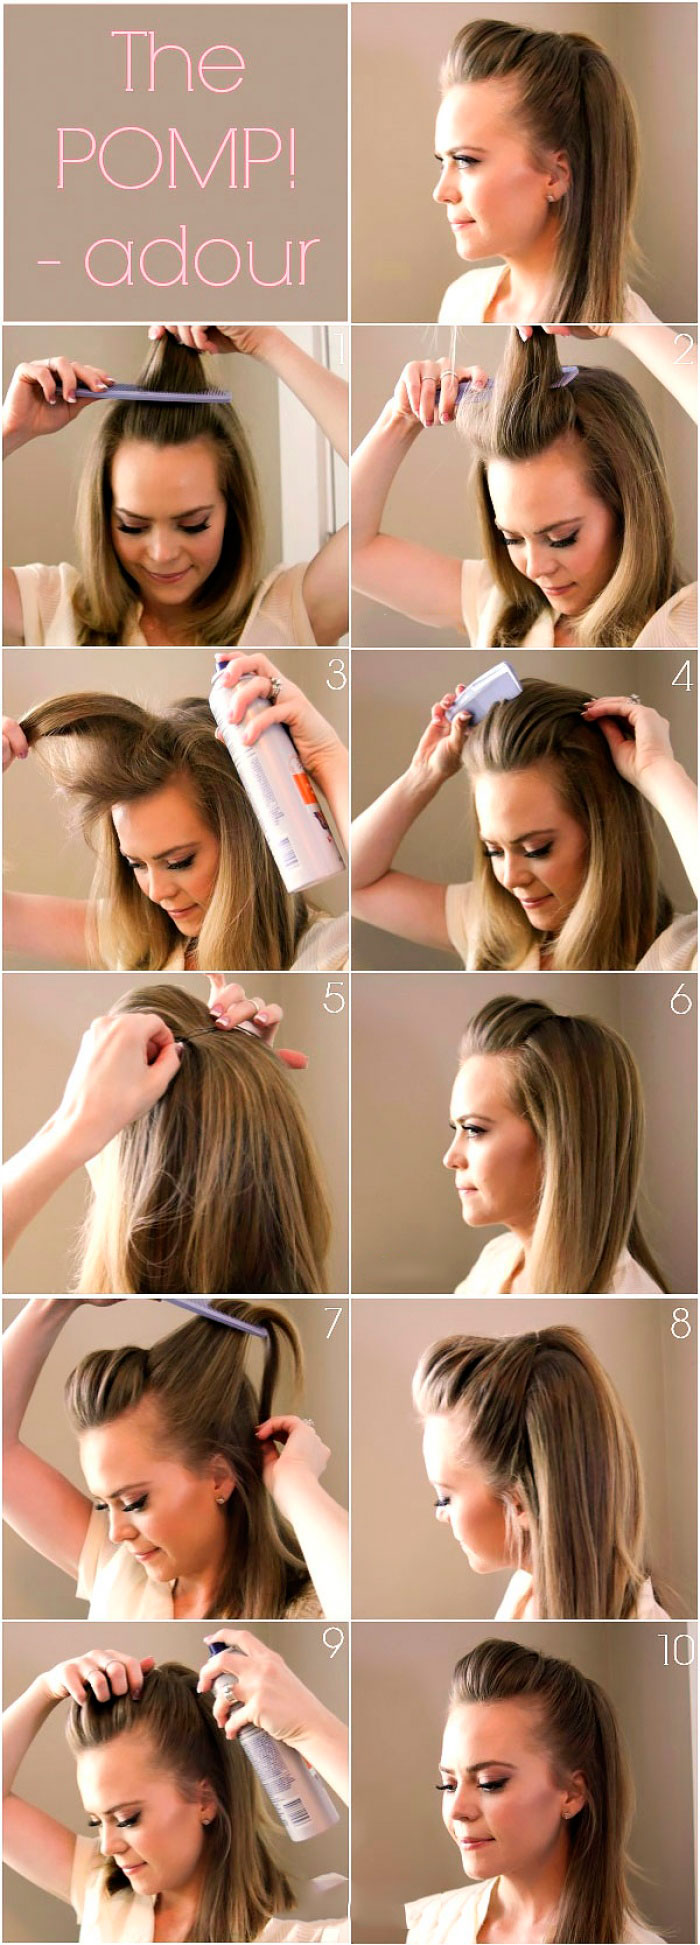 Пошаговая инструкция по выполнению вечерней объемной прически на длинные волосы
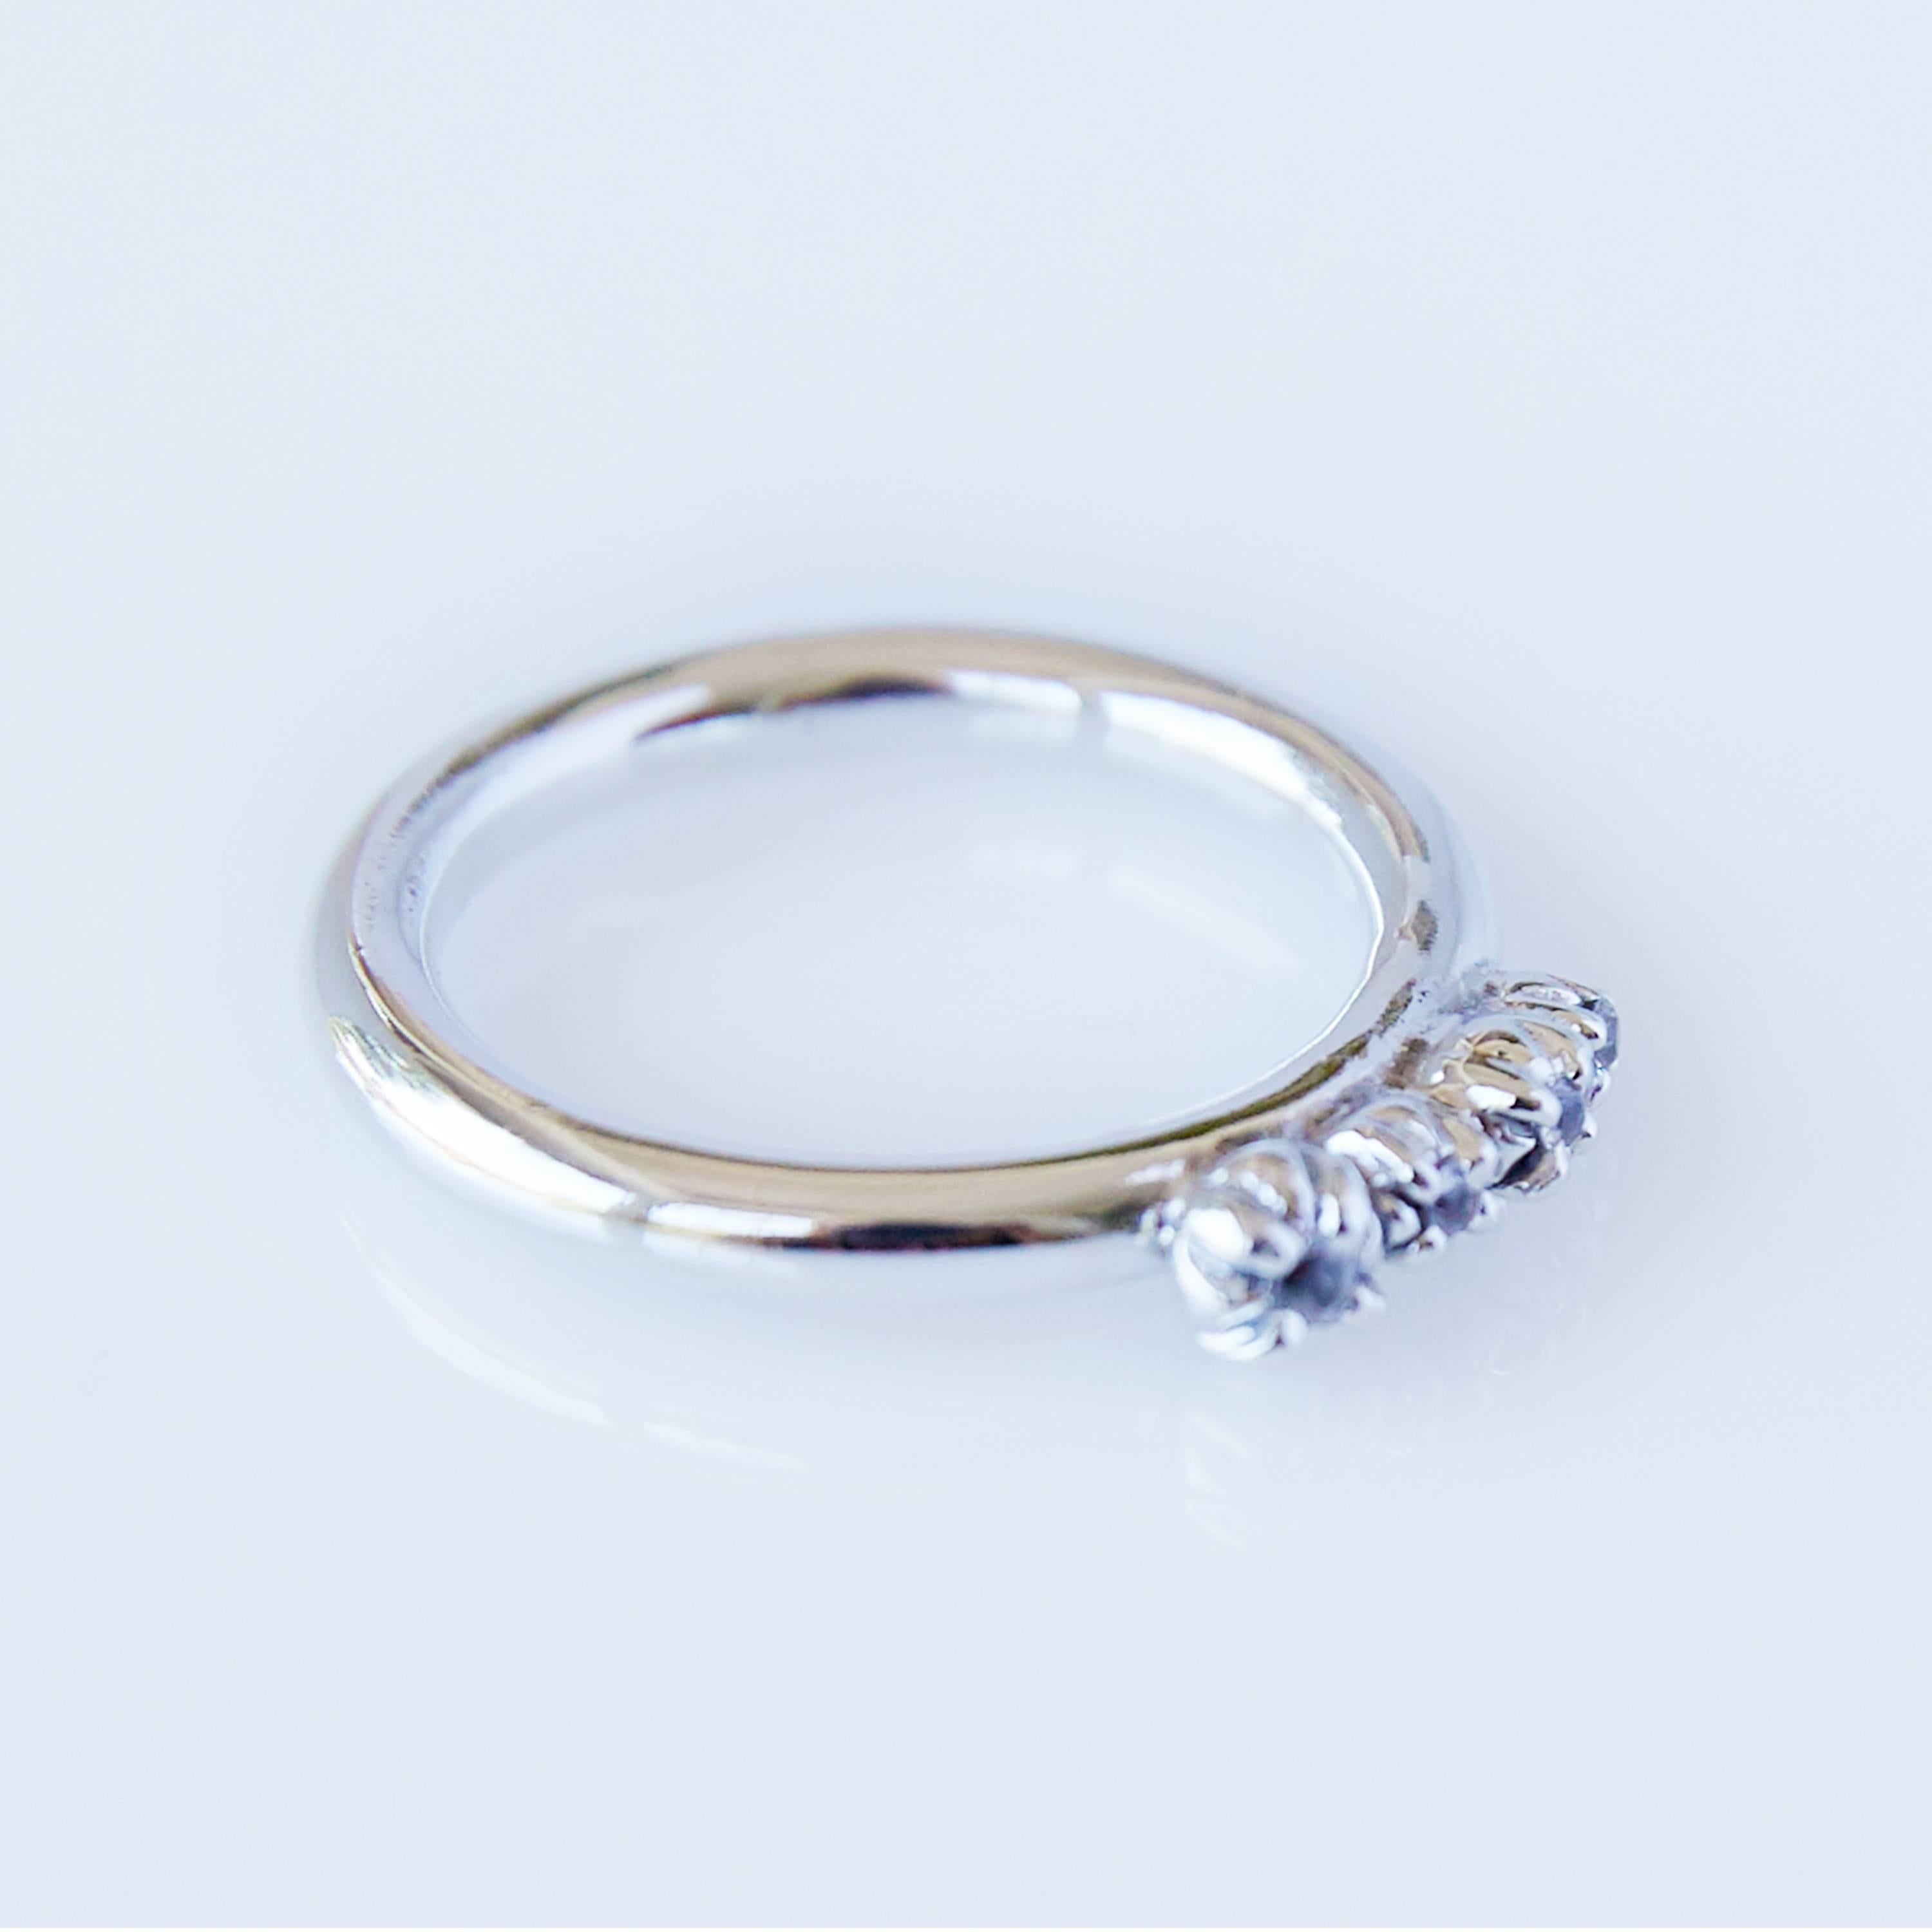 Engagement Ring White Diamond Gold J Dauphin

J DAUPHIN

Work item:
None of the pictures should be carried over when the data above is transcribed exactly.

Solved exercise:
 Пошаговая инструкция по выполнению вечерней объемной прически на длинные волосы
 Engagement Ring White Diamond Gold J Dauphin

J DAUPHIN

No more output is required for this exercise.